> **Collected data**
↓↓↓

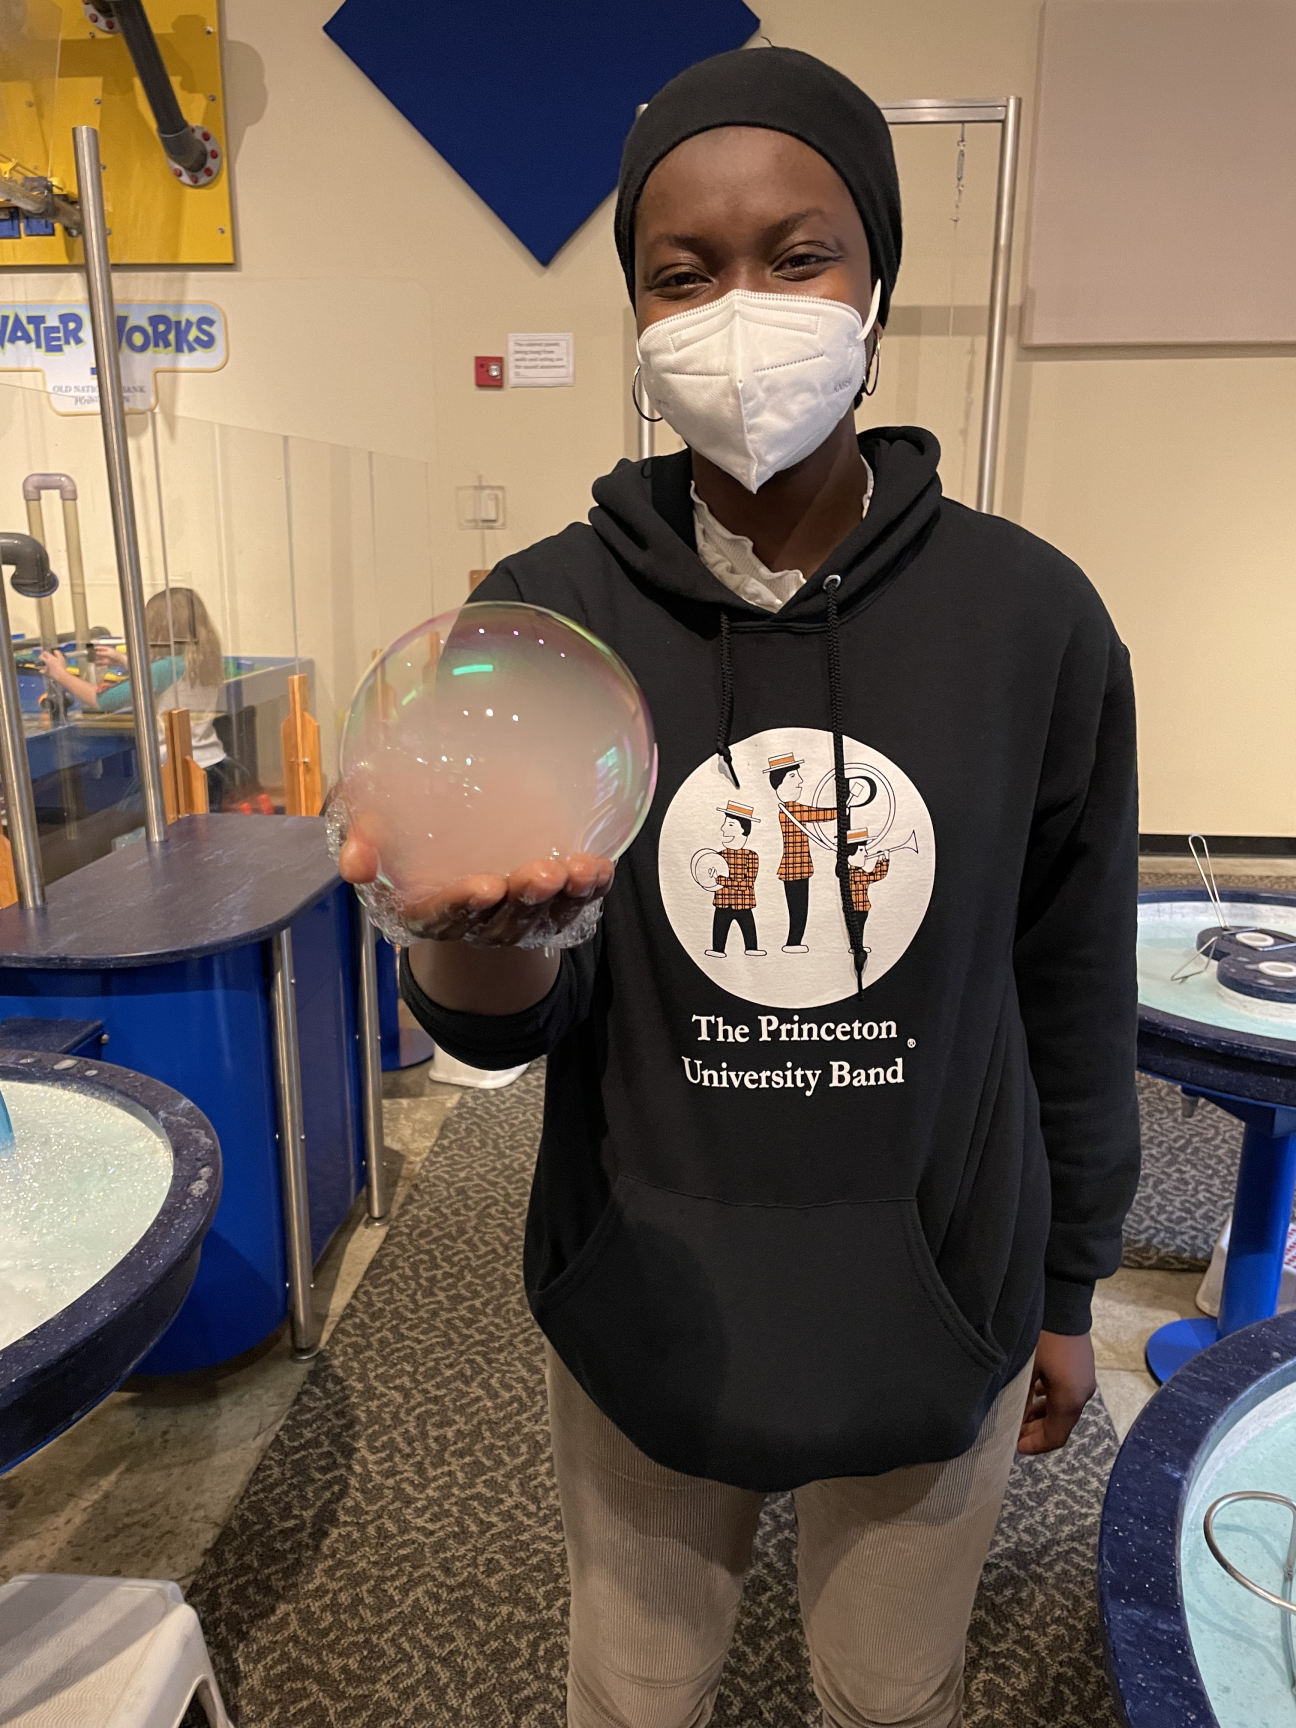 Aminah in a science museum with a "mist-filled" bubble in her hand
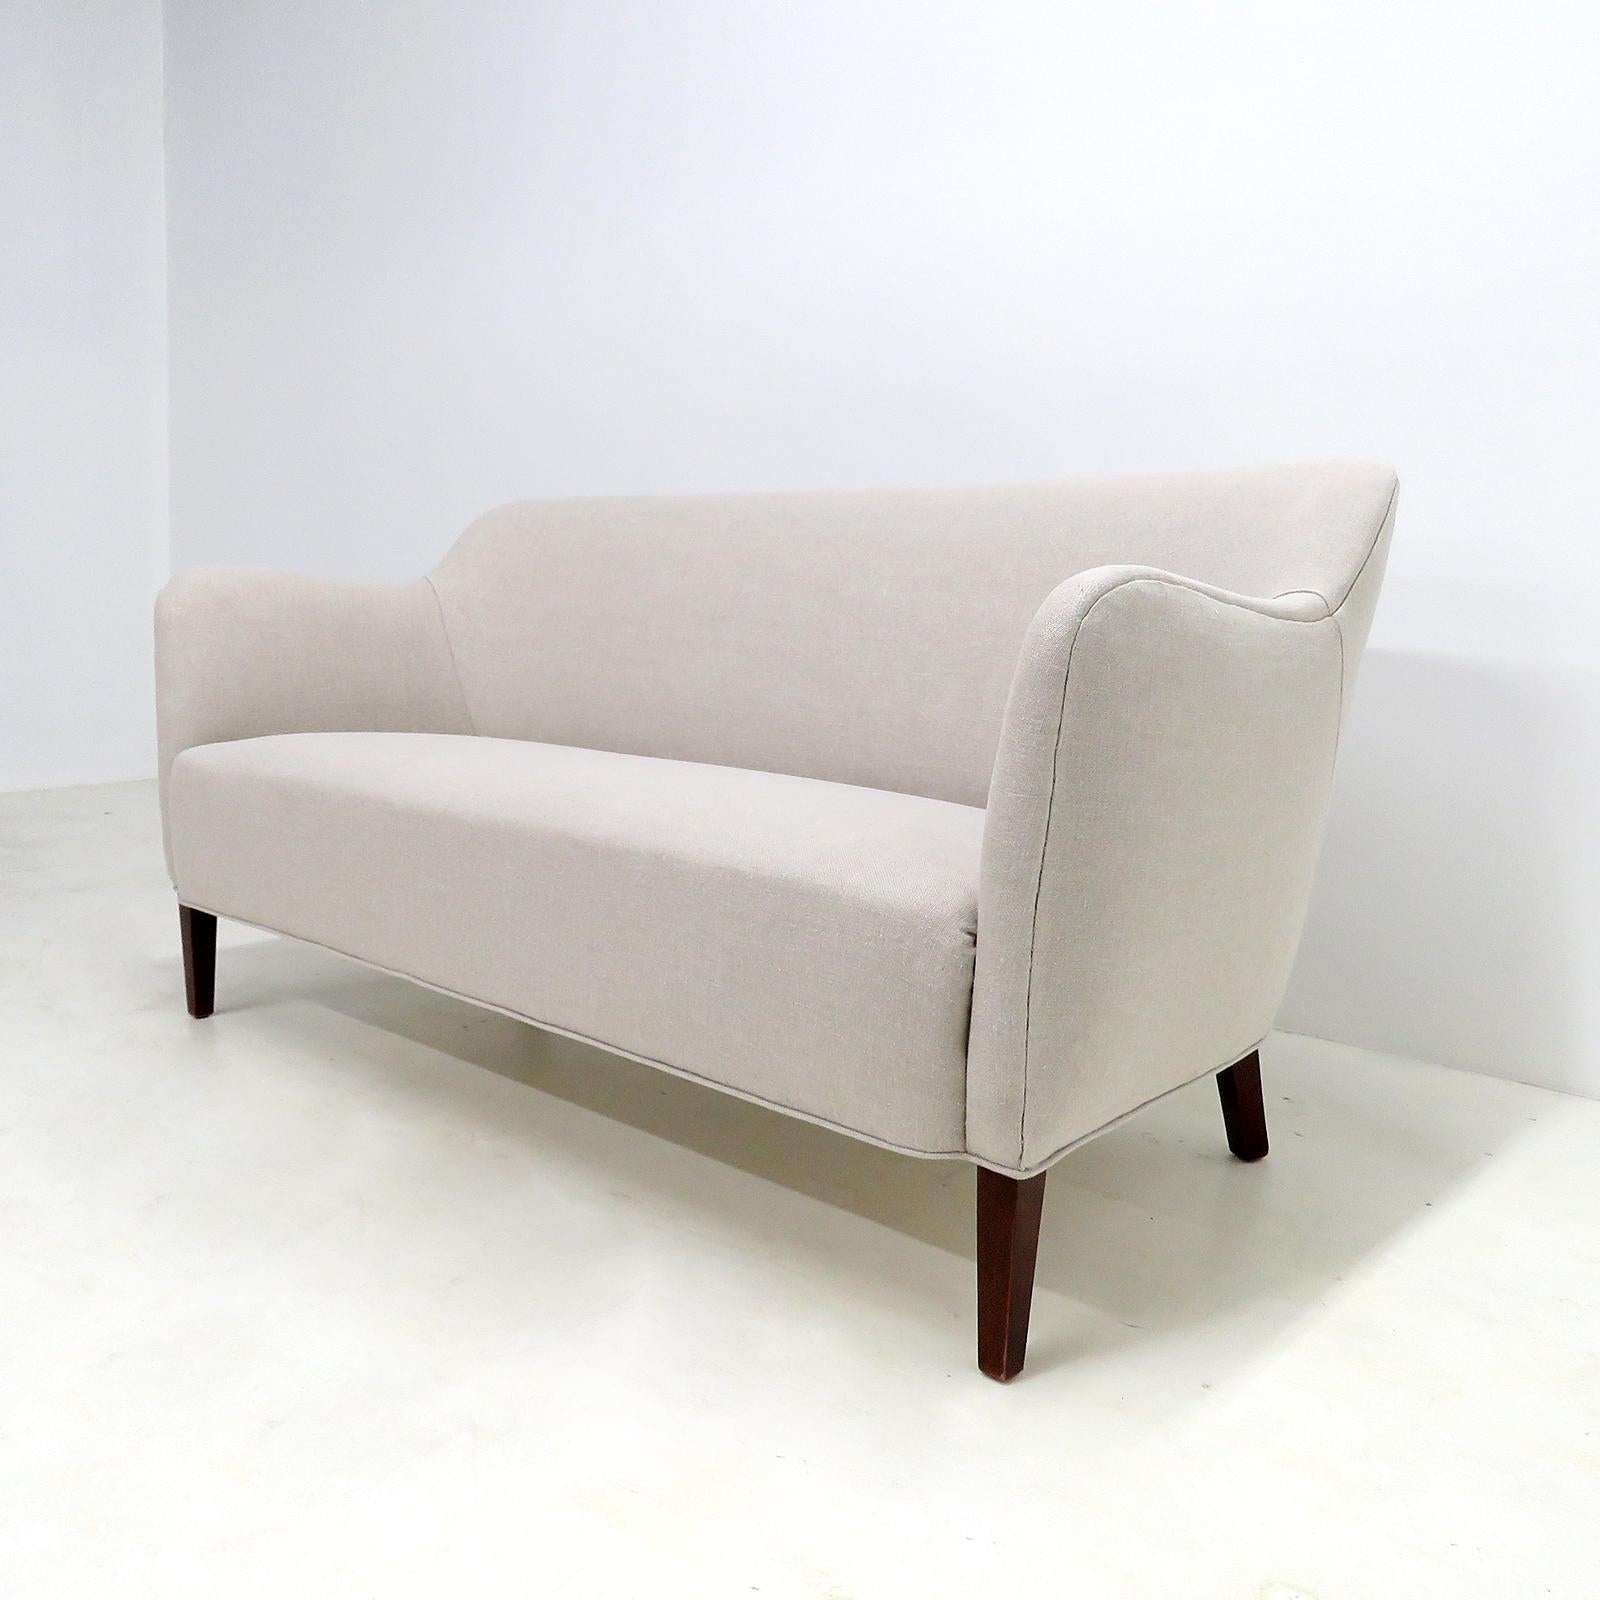 Danish Modern Settee by Jacob Kjaer, 1940 In Good Condition For Sale In Los Angeles, CA
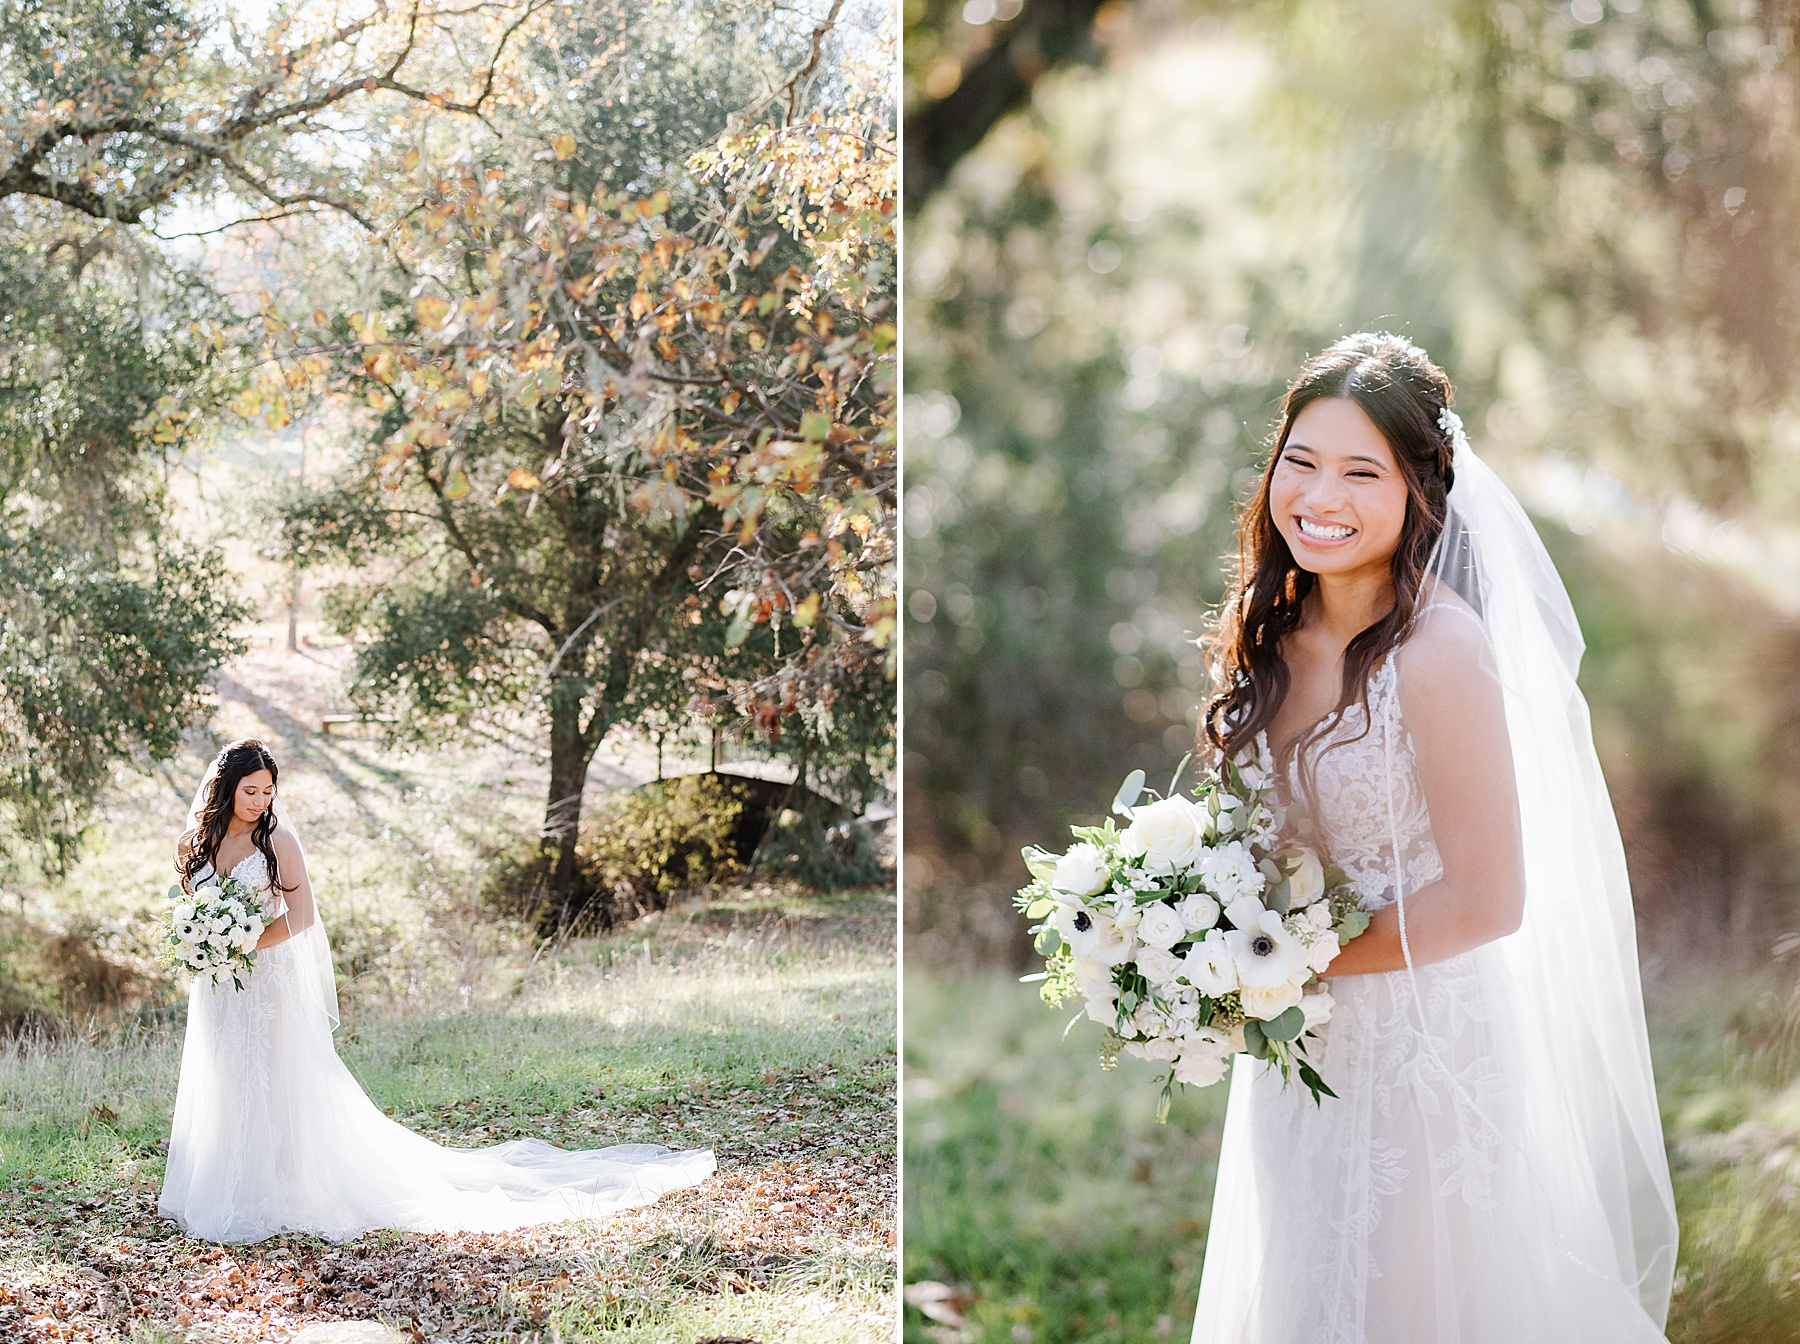 Picking your wedding dress tips by nikkels photography

↑↑↑

> **Task**
Pictures aside, reproduce the listing above exactly.

> **Solution to the problem**
 Aminah in a science museum with a "mist-filled" bubble in her hand
 Danish Modern Settee by Jacob Kjaer, 1940 In Good Condition For Sale In Los Angeles, CA
 Picking your wedding dress tips by nikkels photography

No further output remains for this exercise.